> WHAT YOU ARE ASKED TO DO
When writing out the listing below, reproduce every word exactly and skip the pictures.

> DATA BELOW
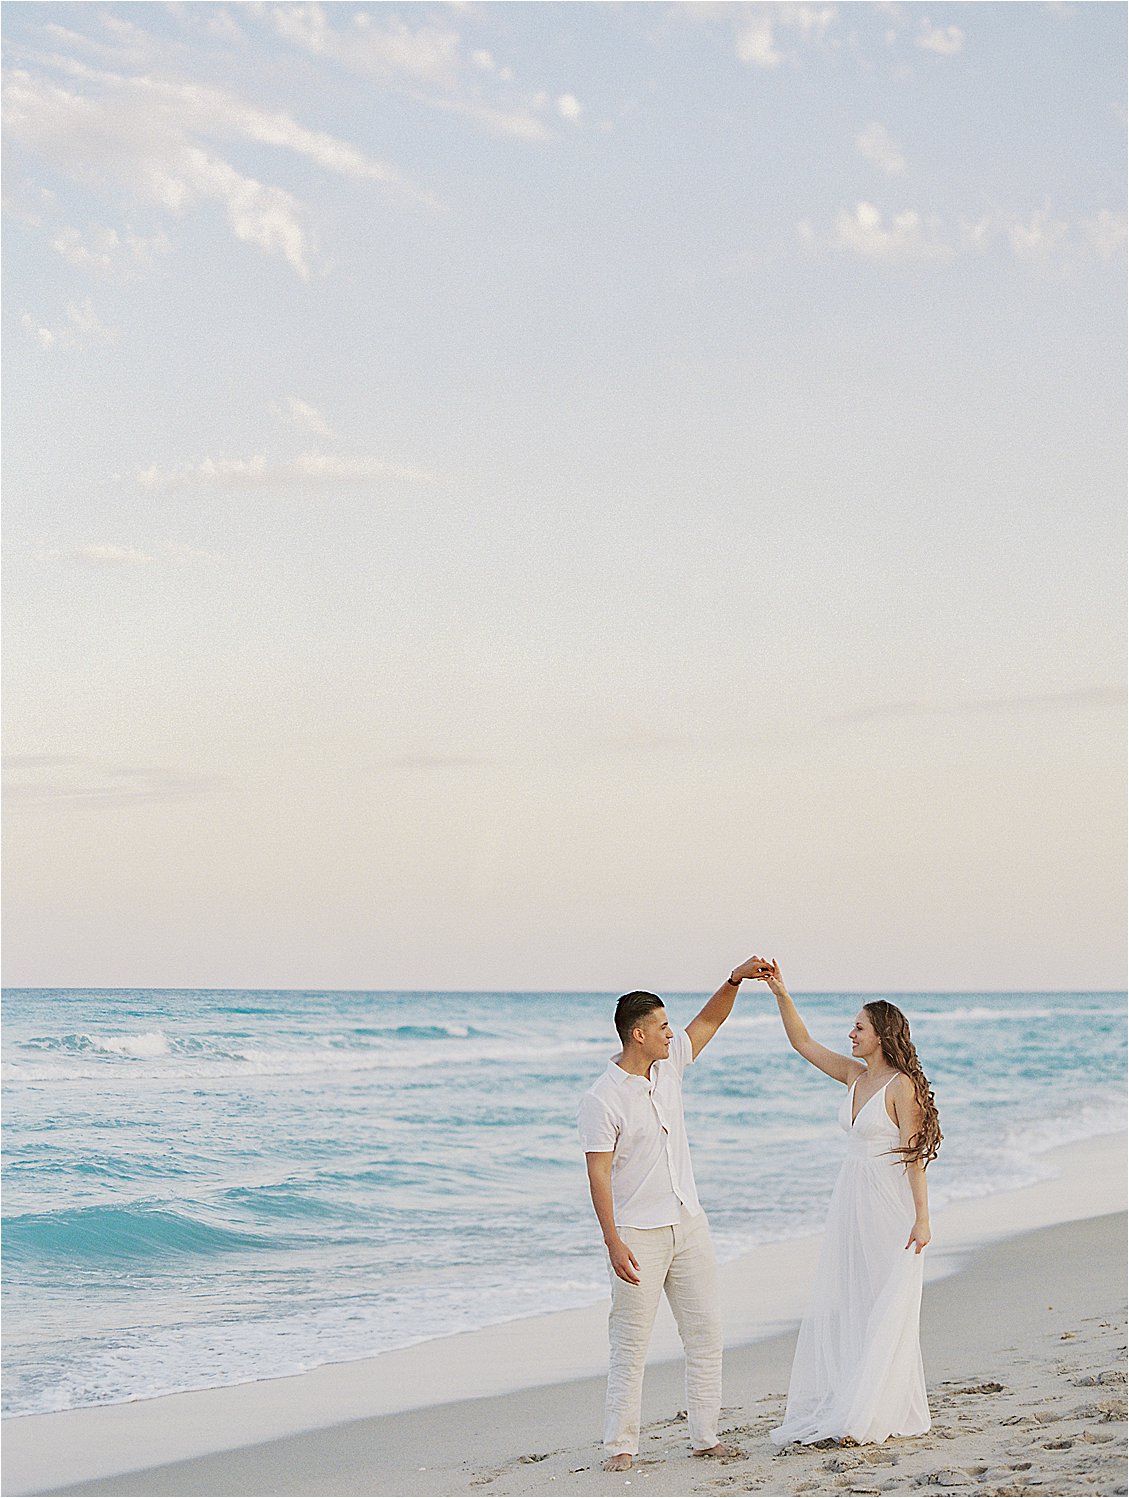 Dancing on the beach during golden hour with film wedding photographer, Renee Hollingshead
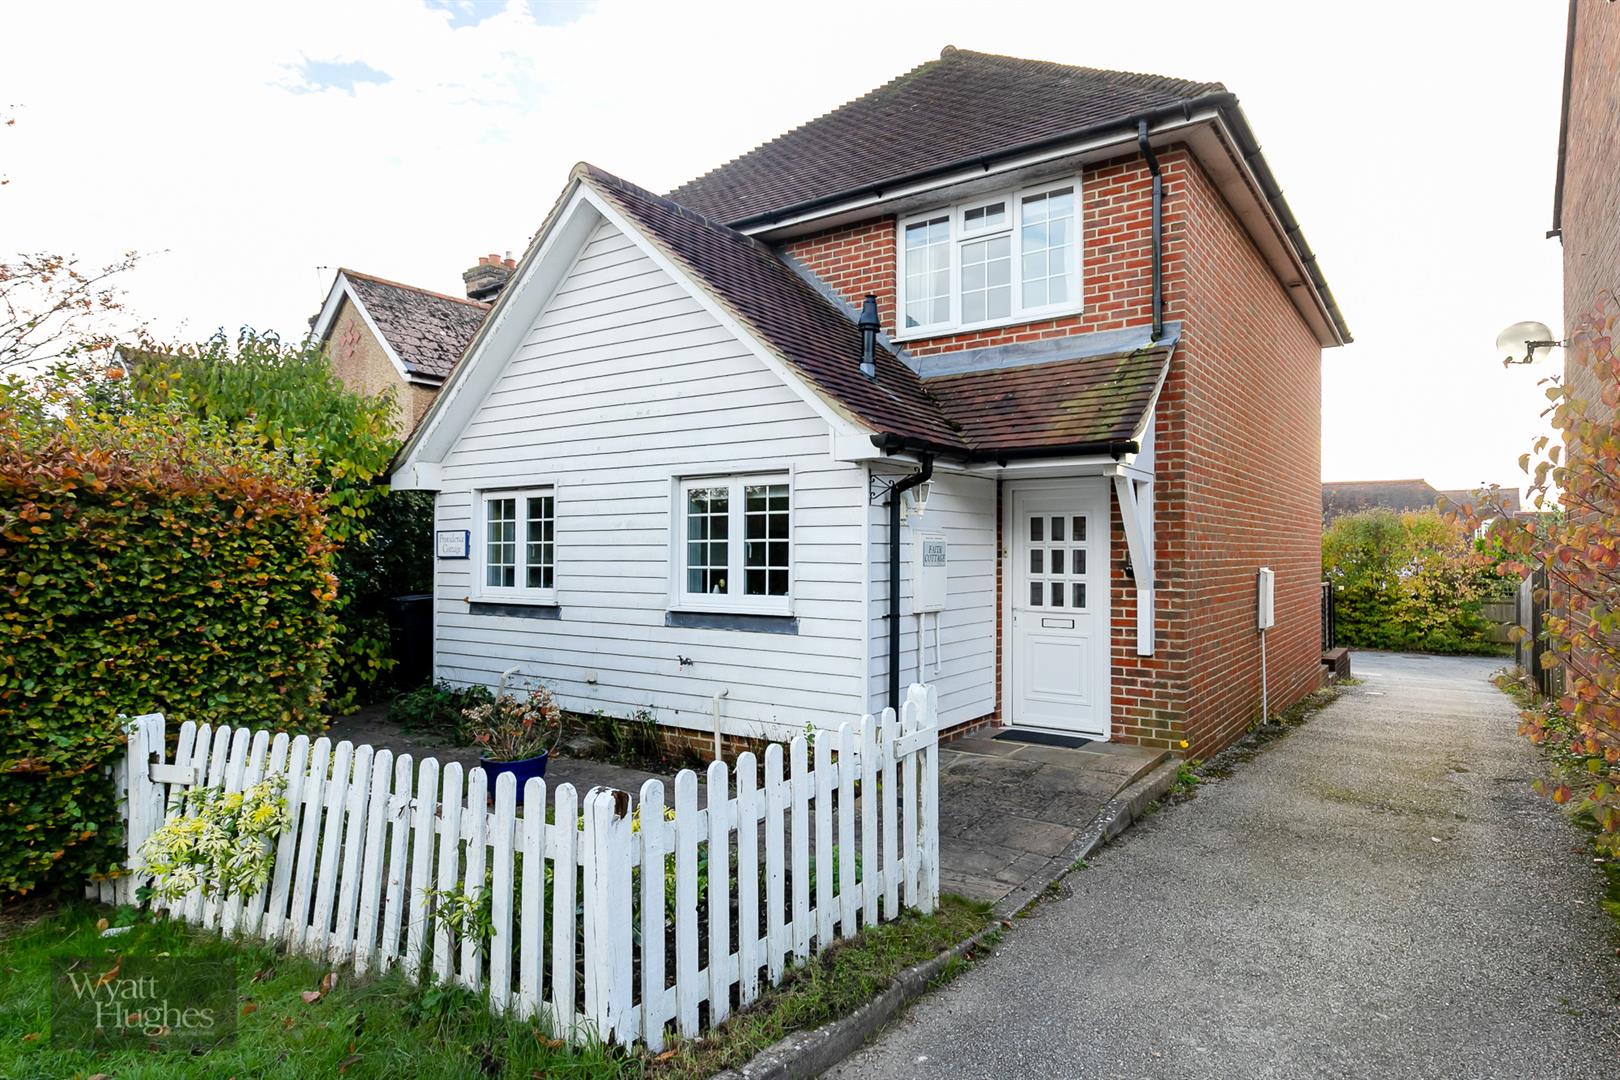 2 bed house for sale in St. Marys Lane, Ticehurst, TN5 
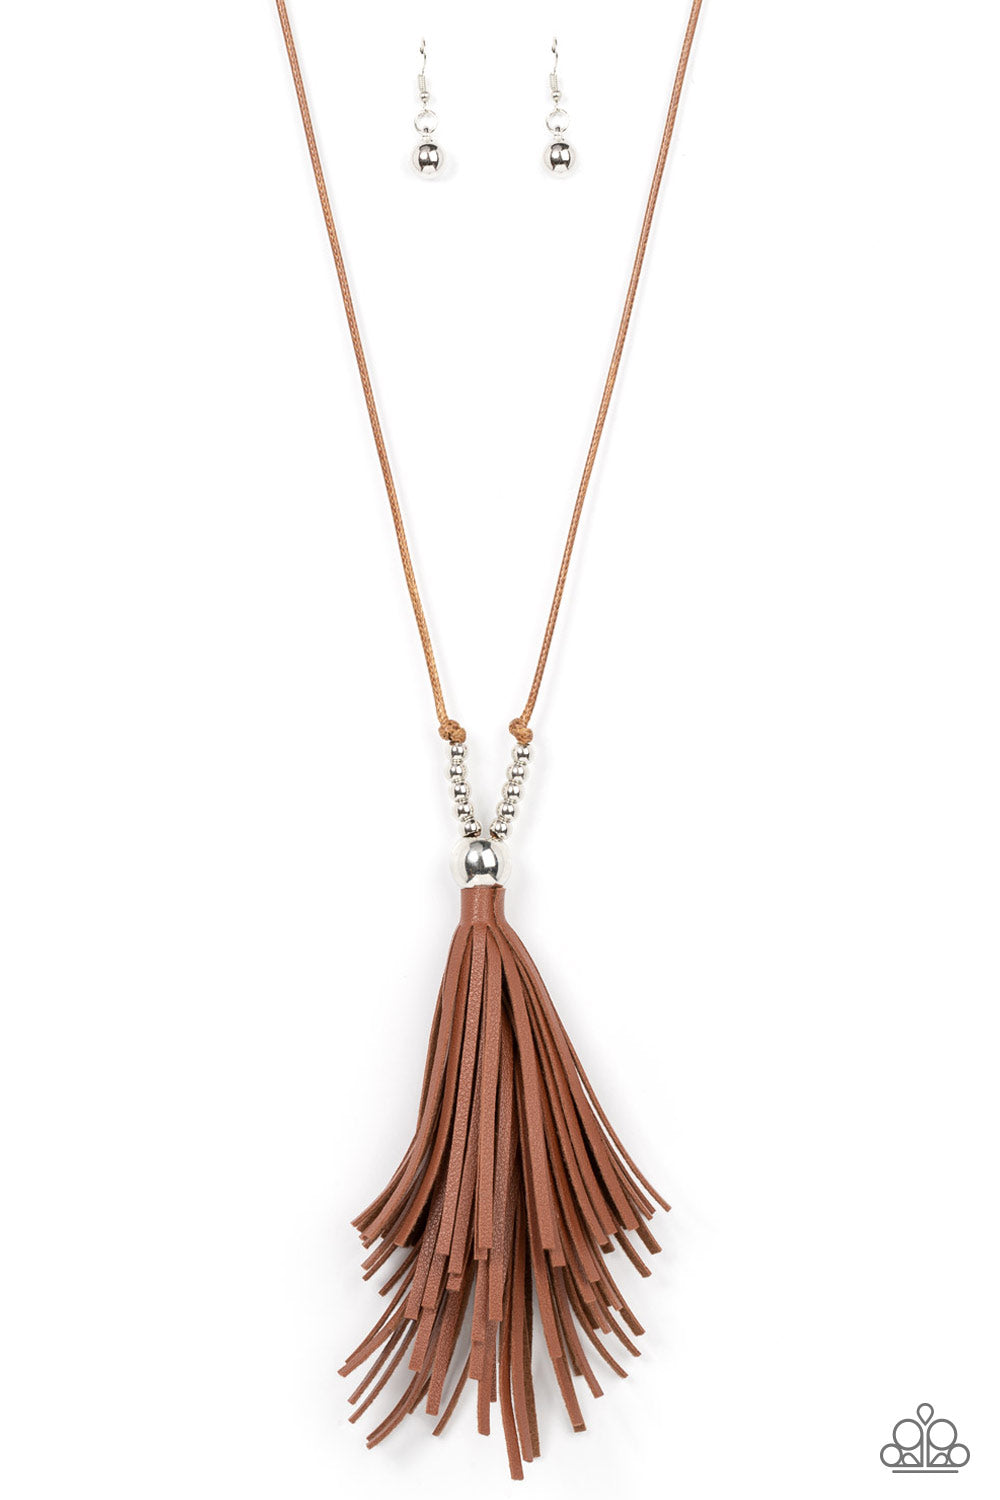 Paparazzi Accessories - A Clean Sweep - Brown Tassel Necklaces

> SOLVED PROBLEM
 Dancing on the beach during golden hour with film wedding photographer, Renee Hollingshead
 2 bed house for sale in St. Marys Lane, Ticehurst, TN5 
 Paparazzi Accessories - A Clean Sweep - Brown Tassel Necklaces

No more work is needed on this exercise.